# Anyway to play Warcraft 2 on an intel mac?



## MrSasquatch (Jul 17, 2006)

I just found it after years and it says it's for Mac and Windows but when I put it in it isn't supported by the system. Is there anything I can do to get it on the computer?


----------



## Damrod (Jul 18, 2006)

Hm? Do you mean that the installer does not run, or that the program does not run after install?


----------



## MrSasquatch (Jul 18, 2006)

It says the system can't support it.
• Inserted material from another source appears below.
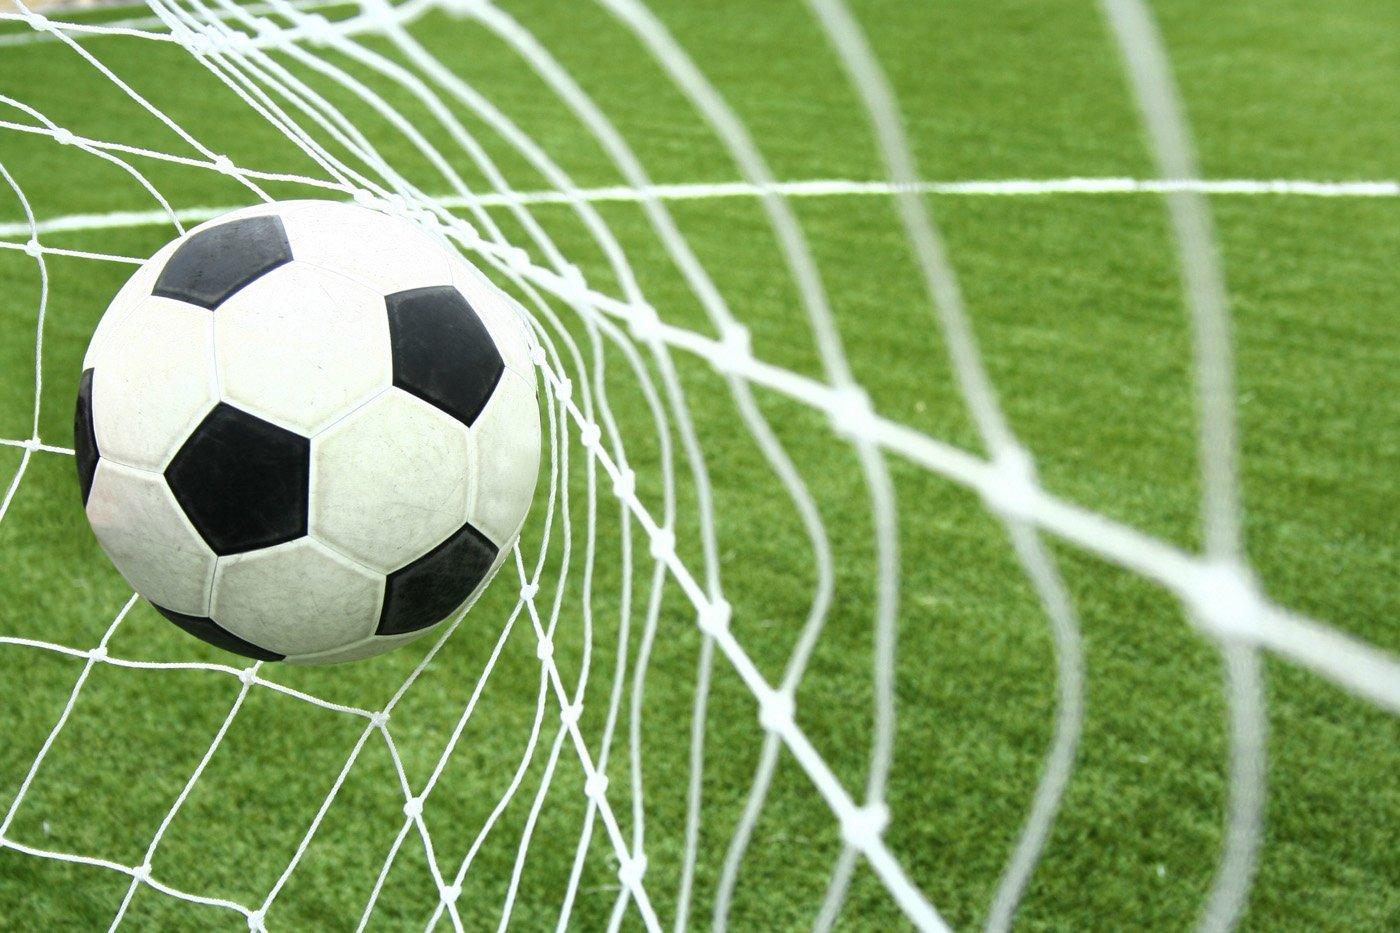 Два незабитых пенальти Агуэро непомешали «Ман Сити» разгромить «Стяуа»

Is there anything to do so it will run on the system?


----------



## UpQuark77 (Jul 18, 2006)

Check to see if there is a patch for running WoW on intel based macs.  Or, ironically, pickup bootcamp or parallels and run it under windows.

I did a bit of diggin on the web... it seems that an intel version is available - first Google blush:
http://www.tuaw.com/2006/02/07/is-world-of-warcraft-now-intel-mac-compatible/


----------



## fryke (Jul 18, 2006)

Don't try to run it in Parallels. Parallels generally isn't good for games. Most games choke even on trying to "see" the CD when running the game. Windows can't access the CD-drive directly (hardware access), so the anti-piracy CD-test for most games fail there. And then there's the emulated graphics in Parallels, which wouldn't make it much fun, anyway. But I guess the problem's solved, anyway.


----------



## Damrod (Jul 18, 2006)

Folks, you misread the guys post.  He's not talking about World of Warcraft, he talks about *Warcraft 2*.



MrSasquatch said:


> I just found it after years and it says it's for Mac and Windows but when I put it in it isn't supported by the system. Is there anything I can do to get it on the computer?
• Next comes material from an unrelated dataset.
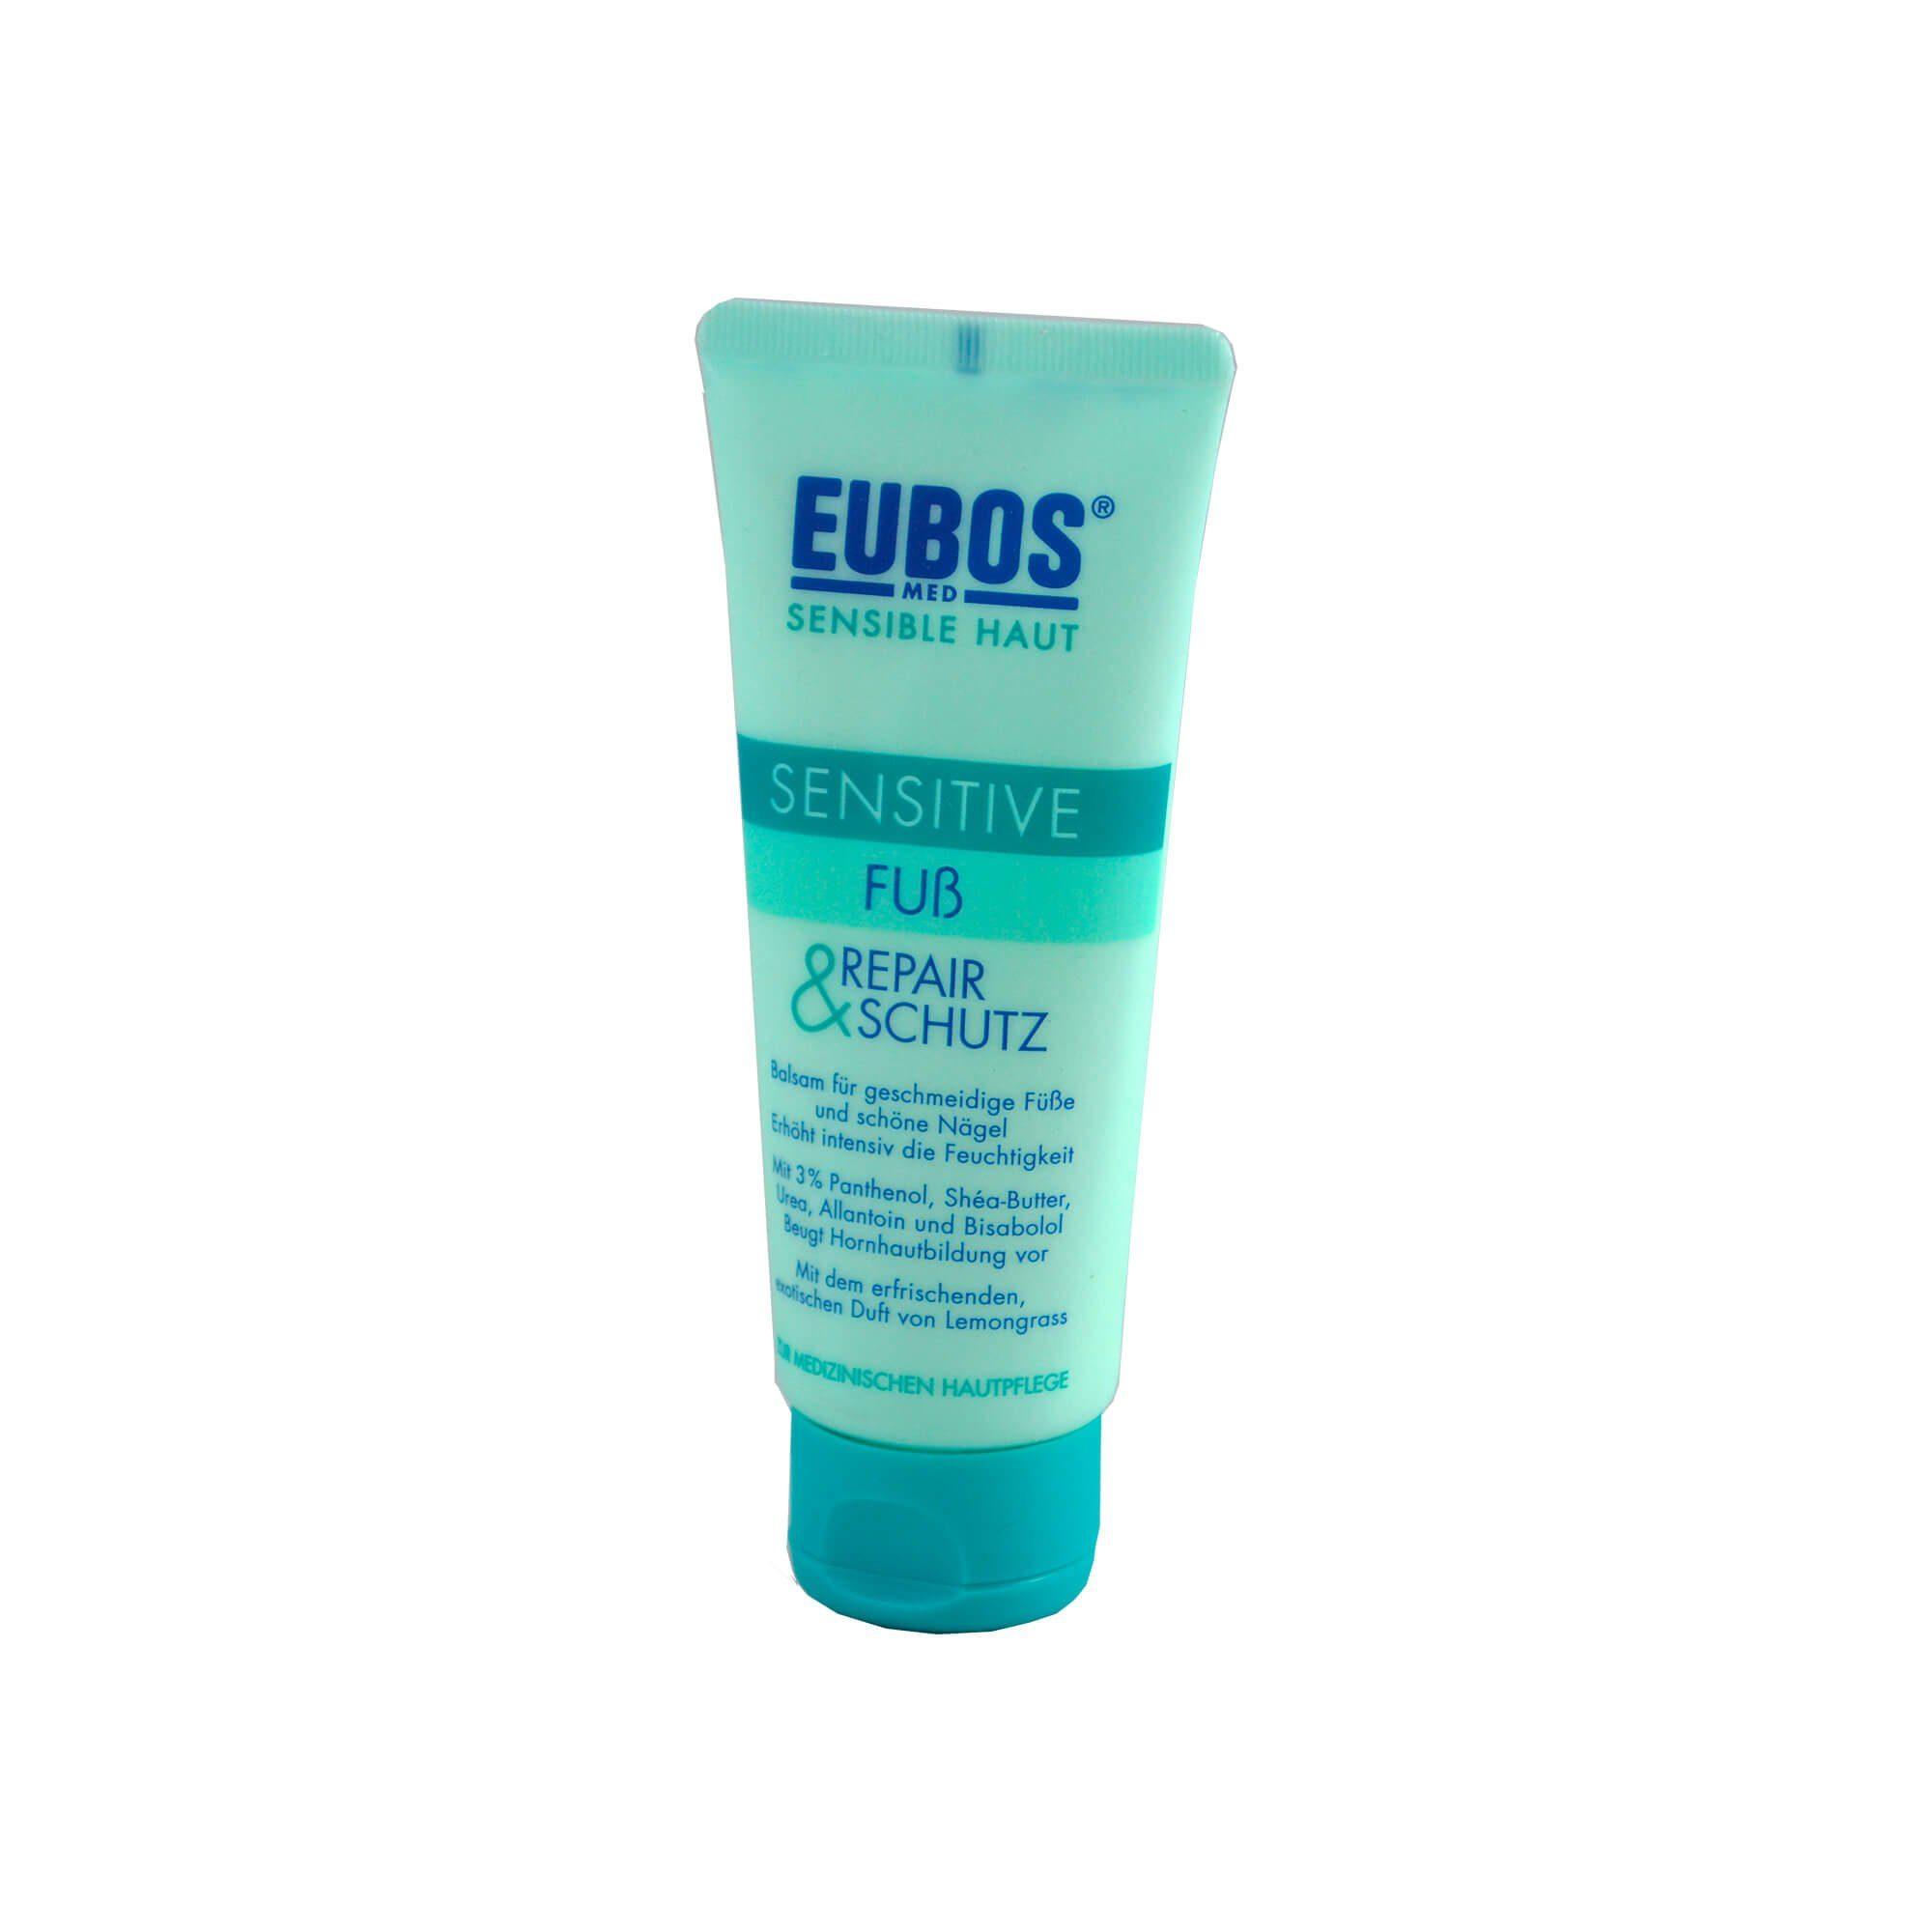 Eubos Sensitive Fuss Repair + Schutzcreme, 100 ml

What system do you want to run it on, an Intel Mac or PPC Mac, and on what OS version?

I once read about a small emulator software, called Q or something like that. If you could get hold of a OS 9 image and get the emulator to run, you might get it working (Which reminds me, I wanted to do the same thing to play Discworld again...)


----------



## MrSasquatch (Jul 18, 2006)

Intel.


----------



## nixgeek (Jul 18, 2006)

Yeah, if it's not a native OS X application you won't be able to run it on an Intel Mac (even with Rosetta).  You'll need to run an emulator like SheepShaver or Q in order to run OS 9 so that you can run the game.  Either way, the result might not be the best since you're emulating a PowerPC Mac running OS 9.  However, considering the speed of the Intel Core Duo CPUs, the performance hit might not be that bad, especially for an old game like WC2.


----------



## ex2bot (Jul 27, 2006)

Using Boot Camp to boot Windows is probably your best bet.

Doug


----------